***** Data provided
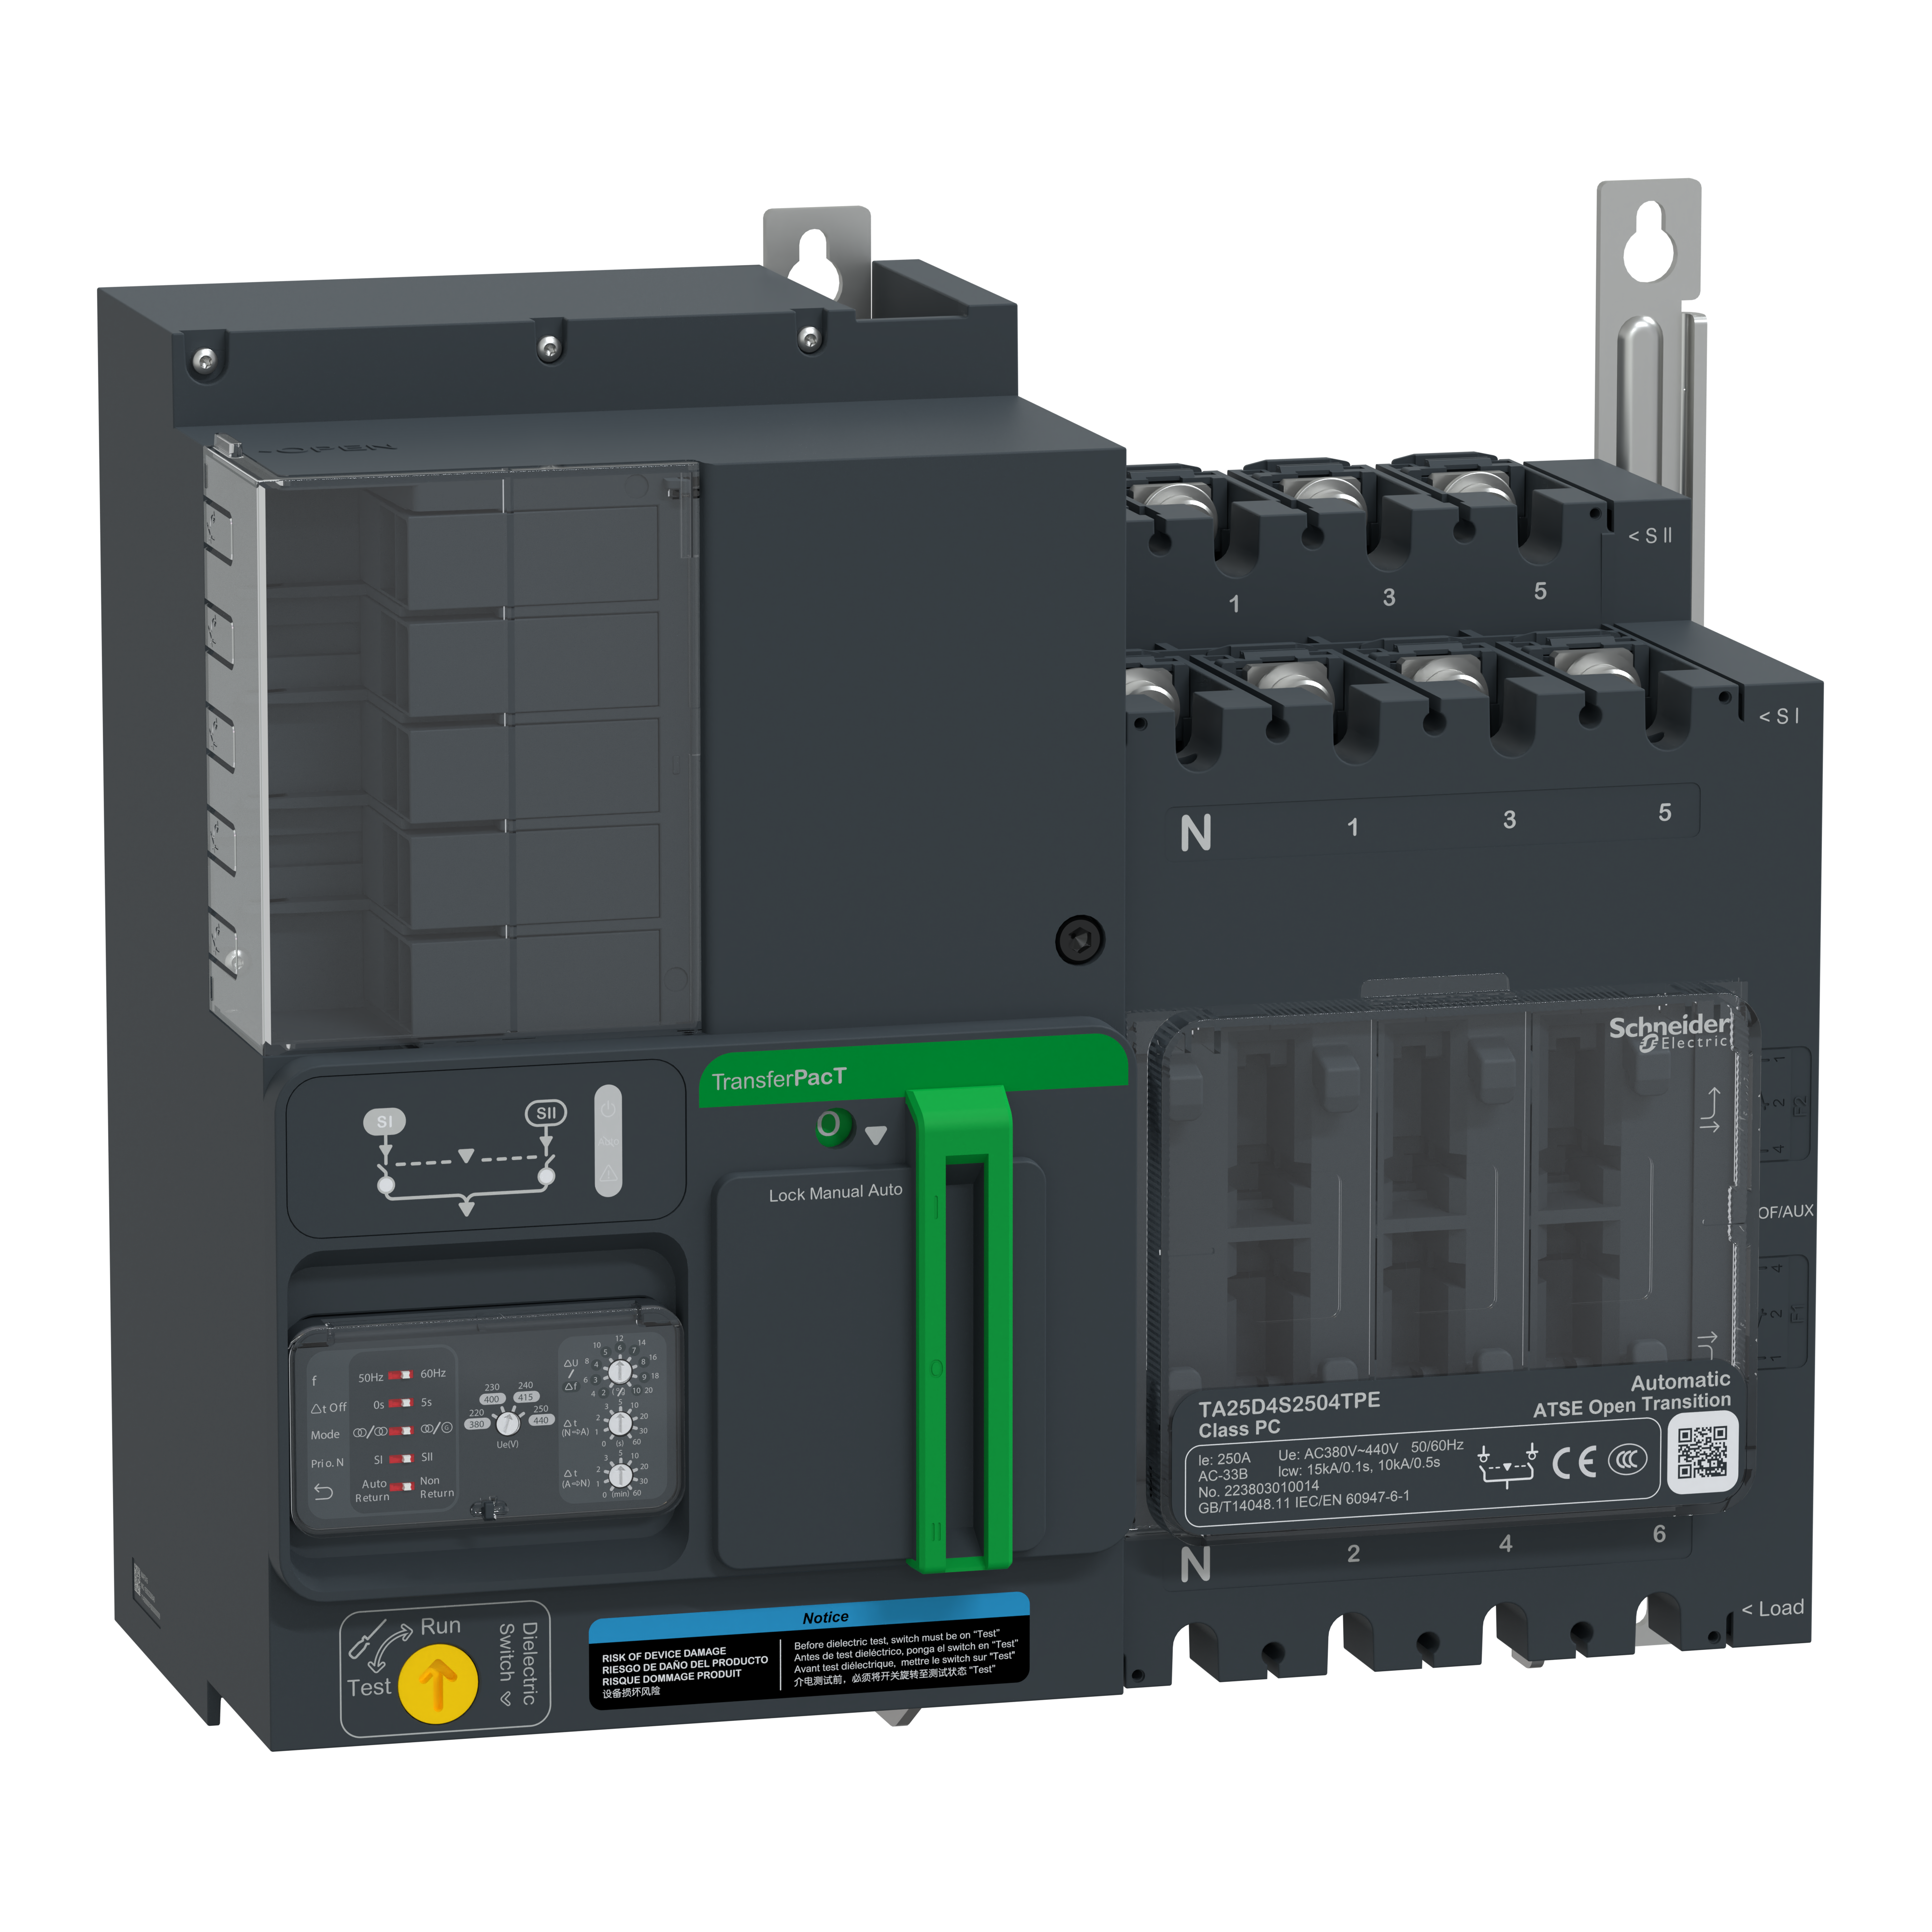 La última generación de conmutadores automáticos de redes TransferPacT de Schneider Electric propone un diseño robusto, fiable, modular y escalable, con la máxima velocidad de transferencia del mercado
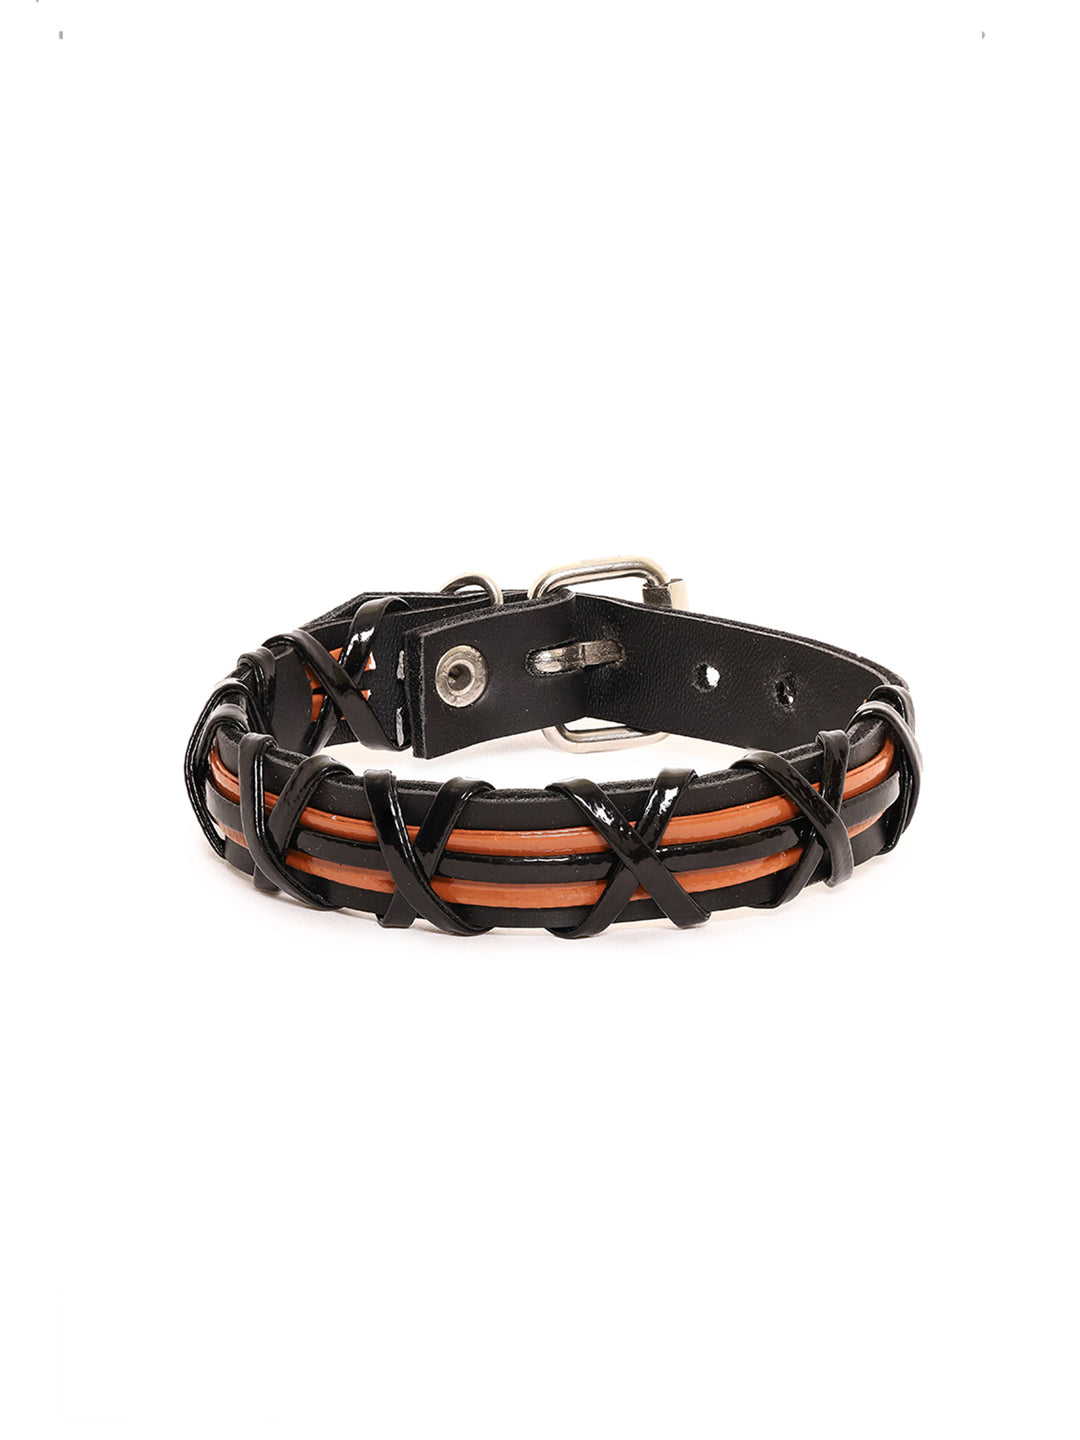 Black and Brown Leather Bracelet for men
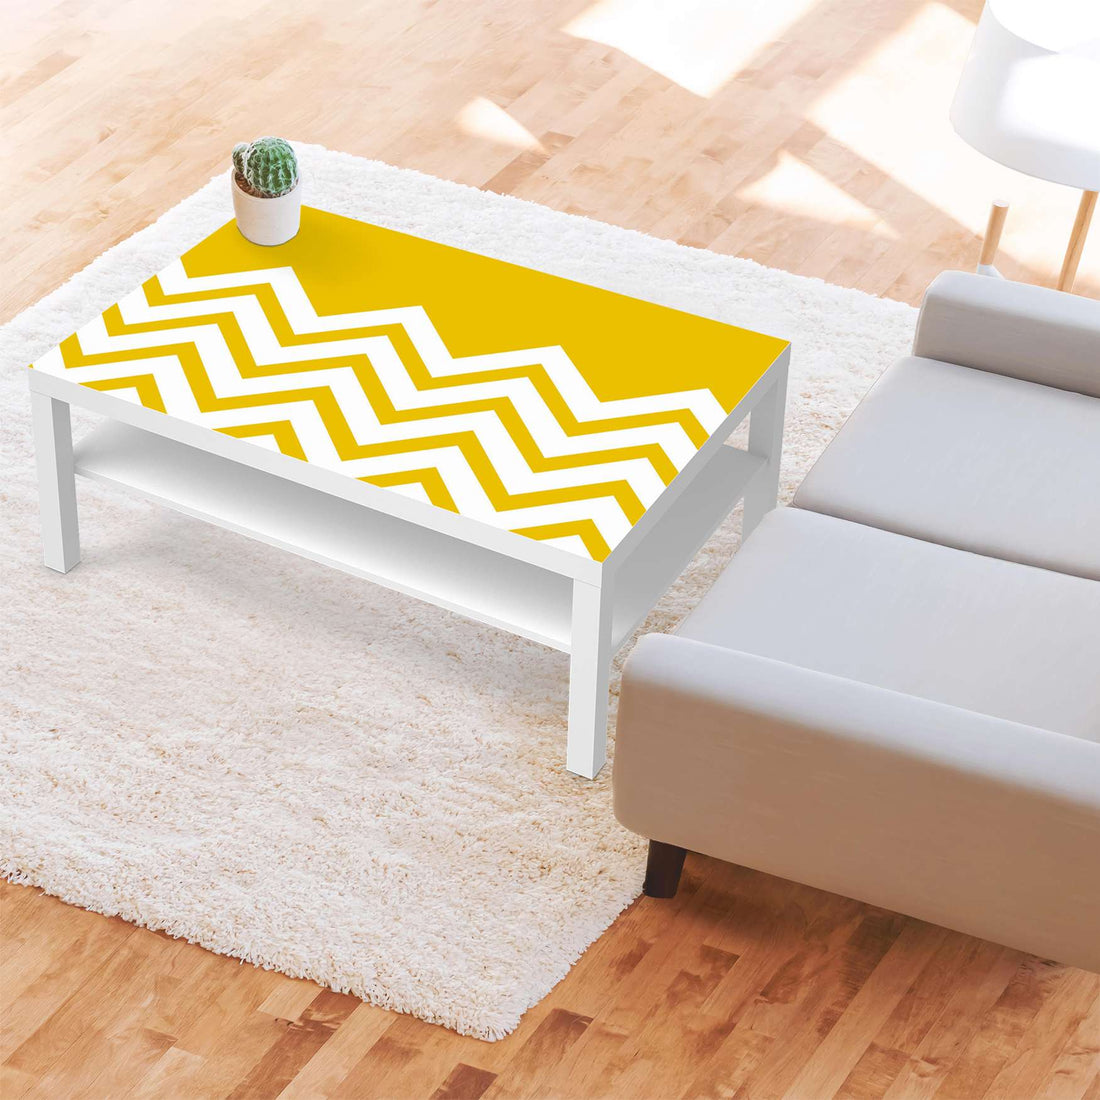 Klebefolie Gelbe Zacken - IKEA Lack Tisch 118x78 cm - Wohnzimmer
**********
(Problem details): Skip every picture and transcribe the data above exactly.

(Solution to this exercise):
 La última generación de conmutadores automáticos de redes TransferPacT de Schneider Electric propone un diseño robusto, fiable, modular y escalable, con la máxima velocidad de transferencia del mercado
 Black and Brown Leather Bracelet for men
 Klebefolie Gelbe Zacken - IKEA Lack Tisch 118x78 cm - Wohnzimmer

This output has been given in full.